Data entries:
--

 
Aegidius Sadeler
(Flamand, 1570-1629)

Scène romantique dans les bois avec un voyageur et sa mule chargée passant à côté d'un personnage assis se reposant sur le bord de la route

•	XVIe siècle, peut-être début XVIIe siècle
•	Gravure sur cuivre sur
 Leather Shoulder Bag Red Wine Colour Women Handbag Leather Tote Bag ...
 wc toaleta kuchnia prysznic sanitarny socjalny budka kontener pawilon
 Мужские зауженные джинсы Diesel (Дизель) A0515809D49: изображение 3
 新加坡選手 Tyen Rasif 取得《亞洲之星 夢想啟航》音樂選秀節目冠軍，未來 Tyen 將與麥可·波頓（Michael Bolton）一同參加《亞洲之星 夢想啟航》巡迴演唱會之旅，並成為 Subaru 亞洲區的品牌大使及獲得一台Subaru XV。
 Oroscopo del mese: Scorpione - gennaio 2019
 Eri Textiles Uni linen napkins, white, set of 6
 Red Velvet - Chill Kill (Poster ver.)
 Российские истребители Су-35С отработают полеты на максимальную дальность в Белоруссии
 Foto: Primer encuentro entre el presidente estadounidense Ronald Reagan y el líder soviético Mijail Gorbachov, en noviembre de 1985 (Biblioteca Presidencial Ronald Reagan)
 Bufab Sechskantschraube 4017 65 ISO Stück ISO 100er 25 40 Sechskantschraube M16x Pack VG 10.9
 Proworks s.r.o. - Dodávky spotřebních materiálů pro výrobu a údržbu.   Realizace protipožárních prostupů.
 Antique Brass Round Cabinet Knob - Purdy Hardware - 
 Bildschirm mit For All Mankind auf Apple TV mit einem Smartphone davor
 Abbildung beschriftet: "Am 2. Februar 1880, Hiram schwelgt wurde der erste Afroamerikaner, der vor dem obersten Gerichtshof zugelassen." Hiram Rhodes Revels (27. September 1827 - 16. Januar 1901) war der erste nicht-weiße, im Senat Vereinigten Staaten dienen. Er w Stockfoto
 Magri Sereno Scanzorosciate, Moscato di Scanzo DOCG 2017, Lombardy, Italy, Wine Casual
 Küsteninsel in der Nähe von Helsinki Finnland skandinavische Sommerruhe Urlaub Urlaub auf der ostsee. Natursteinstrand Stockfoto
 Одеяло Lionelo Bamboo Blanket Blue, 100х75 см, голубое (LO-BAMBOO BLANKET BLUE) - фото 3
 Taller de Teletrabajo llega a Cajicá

--

What the task requires: The response should consist of all the entries, copied without any alteration.

Solution below:
Aegidius Sadeler
(Flamand, 1570-1629)

Scène romantique dans les bois avec un voyageur et sa mule chargée passant à côté d'un personnage assis se reposant sur le bord de la route

•	XVIe siècle, peut-être début XVIIe siècle
•	Gravure sur cuivre sur
 Leather Shoulder Bag Red Wine Colour Women Handbag Leather Tote Bag ...
 wc toaleta kuchnia prysznic sanitarny socjalny budka kontener pawilon
 Мужские зауженные джинсы Diesel (Дизель) A0515809D49: изображение 3
 新加坡選手 Tyen Rasif 取得《亞洲之星 夢想啟航》音樂選秀節目冠軍，未來 Tyen 將與麥可·波頓（Michael Bolton）一同參加《亞洲之星 夢想啟航》巡迴演唱會之旅，並成為 Subaru 亞洲區的品牌大使及獲得一台Subaru XV。
 Oroscopo del mese: Scorpione - gennaio 2019
 Eri Textiles Uni linen napkins, white, set of 6
 Red Velvet - Chill Kill (Poster ver.)
 Российские истребители Су-35С отработают полеты на максимальную дальность в Белоруссии
 Foto: Primer encuentro entre el presidente estadounidense Ronald Reagan y el líder soviético Mijail Gorbachov, en noviembre de 1985 (Biblioteca Presidencial Ronald Reagan)
 Bufab Sechskantschraube 4017 65 ISO Stück ISO 100er 25 40 Sechskantschraube M16x Pack VG 10.9
 Proworks s.r.o. - Dodávky spotřebních materiálů pro výrobu a údržbu.   Realizace protipožárních prostupů.
 Antique Brass Round Cabinet Knob - Purdy Hardware - 
 Bildschirm mit For All Mankind auf Apple TV mit einem Smartphone davor
 Abbildung beschriftet: "Am 2. Februar 1880, Hiram schwelgt wurde der erste Afroamerikaner, der vor dem obersten Gerichtshof zugelassen." Hiram Rhodes Revels (27. September 1827 - 16. Januar 1901) war der erste nicht-weiße, im Senat Vereinigten Staaten dienen. Er w Stockfoto
 Magri Sereno Scanzorosciate, Moscato di Scanzo DOCG 2017, Lombardy, Italy, Wine Casual
 Küsteninsel in der Nähe von Helsinki Finnland skandinavische Sommerruhe Urlaub Urlaub auf der ostsee. Natursteinstrand Stockfoto
 Одеяло Lionelo Bamboo Blanket Blue, 100х75 см, голубое (LO-BAMBOO BLANKET BLUE) - фото 3
 Taller de Teletrabajo llega a Cajicá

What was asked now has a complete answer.